Политрук увел свою группу.

На возвышении позицию выбрали удачно, ущелье, в котором должны были появиться егеря, просматривалось далеко, до крутого обрыва. Кругом было тихо. Ослепительным огнем зажгло солнце неприступный каменный кряж, тянувшийся справа от притаившихся в засаде ополченцев. Осветилось и дно ущелья.

— Толковый, однако, парень Асхат Аргуданов, — признался довольный политрук. — Немного шумливый хлопец. Да. Но себе на уме. Гляди-ка, чабан, а точно хорошо обученный командир.

— Война научит всему, — отозвался Махар.

— Это ты верно сказал. Мы мирные люди, как поется в песне, но наш бронепоезд, как говорится!.. — подчеркнул Карпов и вместо дальнейших слов многозначительно приподнял кулак. — В обиду себя не дадим. Кто бы какой ни был национальности — мигом сплотились, как пальцы, сжатые в кулак. Фашисты рассчитывали рассорить кавказские народы, настроить против русских… Не вышло. Да, — поменял он тон, продолжил без пафоса, словно понял, что здесь, среди суровой красоты гор, нужно говорить тихо и просто. — Вот я, например, сугубо гражданский. Был рабочим. Работал и учился. Семилетка за плечами. Потом курсы. Занимался партийной работой, кадрами.

— И меня на работу принимали, — припомнил Махар. — Помню, как вы рассматривали, — усмехнулся он. — То меня, то мои права. Как будто документы поддельные.

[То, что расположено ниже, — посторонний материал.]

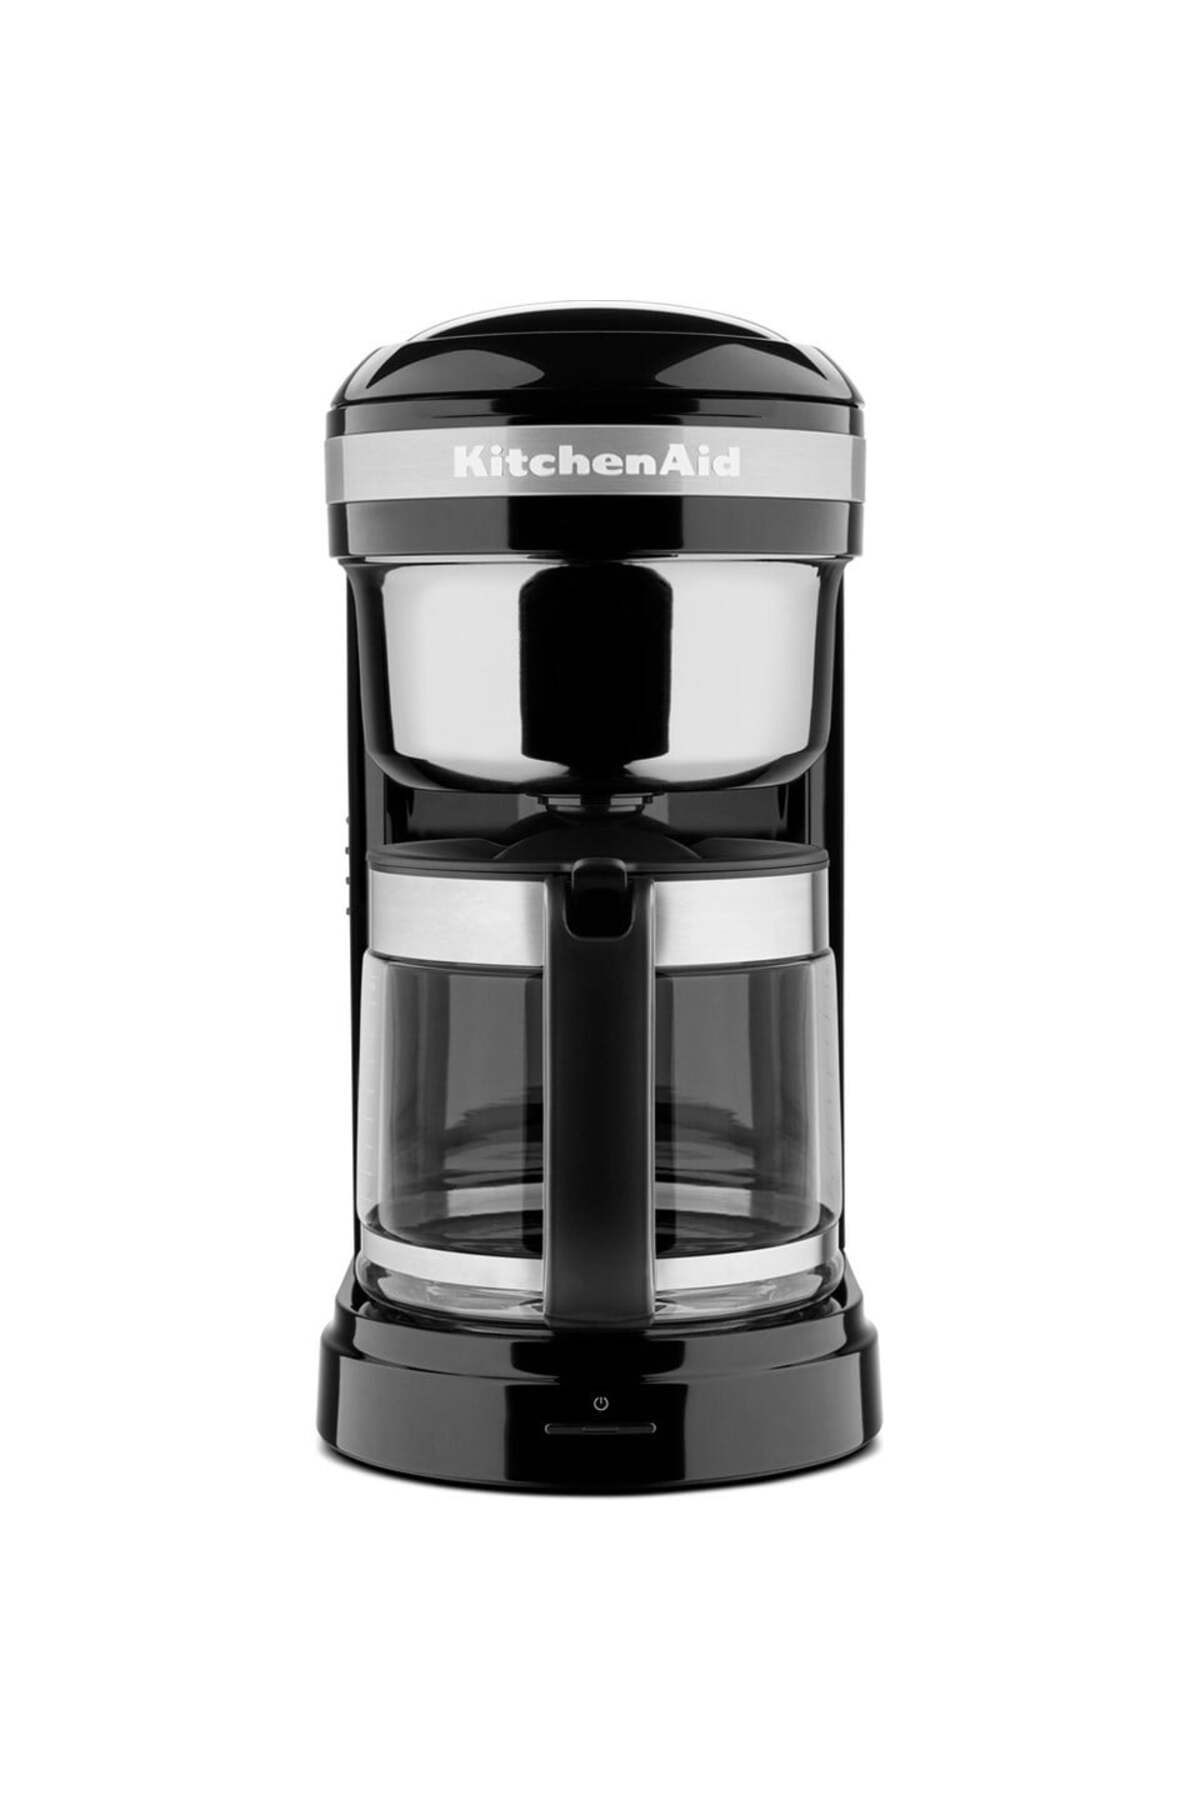 Kitchenaid 5kcm1209eob Onxy Black Siyah Filtre Kahve Makinesi Uyumlu
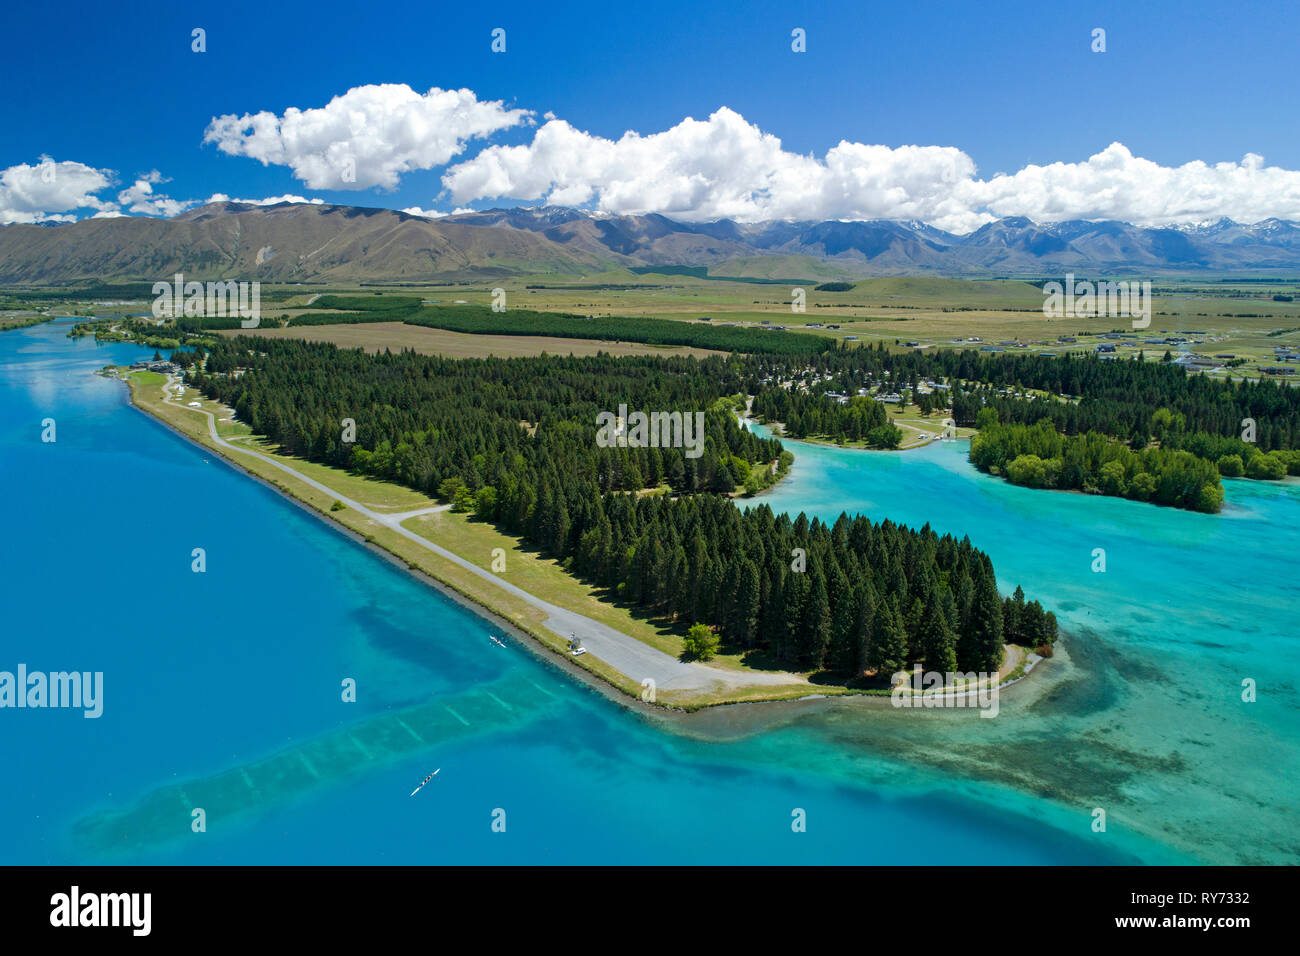 Lake Ruataniwha, and Ruataniwha Rowing Course, Mackenzie Country, South Island, New Zealand - aerial Stock Photo

— Совсем ты мне тогда подростком показался, — вроде бы оправдывался Карпов. — Да. Покончим с немцами — новой жизнью заживем. Примем тебя в партию. И Асхата, конечно. Хлопцы вы славные. Жить вам и творить добрые дела.

Политрук перехватил восторженно-удивленный взгляд Махара.

— Не веришь?

— Не доросли мы до партии. Что вы, Константин Степанович!

— Вот тут ты не прав, Махар. Что значит — не доросли, — оживился Карпов и тесно ему стало за камнями. — Если на гражданке нужны годы, чтобы проверить человека, понять его, то тут, братец мой, достаточно и нескольких дней. Или даже часов. Война, Зангиев, высвечивает человека, как лучи рентгена. По большому счету идет, сынок, испытание. Кто кого. Жизнь или смерть.

Неожиданно загремели выстрелы, протяжно завыли мины; где-то очень близко шел бой.

Притихшие бойцы, залегшие тут и там в засаде, смотрели в потревоженную даль с напряженным ожиданием. Отголоски боя разносились по ущелью, и казалось, вот-вот и у них покажутся егеря.

— Сидим, ждем… Что-то мне не нравится такая тактика, — недовольно бурчал Махар. — И в прошлый раз Асхат повел себя довольно странно, складывалось впечатление, что он один решил воевать с фашистами. Говорил, фрицы побегут в нашу сторону. Где они? «Смотрите не проглядите!»

— На войне терпение — наиважнейшее дело, — успокаивающим тоном заметил политрук, как бы размышляя вслух.

Махар прислушивался повнимательнее, чтобы не упустить ни малейшего шороха. Отрывистые автоматные очереди напоминали ему об Асхате — это он так приноровился стрелять. «Уметь надо! Чего даром пускать пули на ветер», — похвастался Асхат, когда Махар удивленно поинтересовался, как это кабардинец приноровился стрелять короткими очередями.

— Может быть, — снова заговорил Махар, — двинем с тыла? Что фрицев ждать? Бить их нужно. Гнать поскорее.

— Терпение, джигит.

Выстрелы прекратились, как и начались — неожиданно. И снова кругом стихло. Но тревога охватила бойцов еще больше: немцев в ущелье, как о том говорил Аргуданов, не было видно.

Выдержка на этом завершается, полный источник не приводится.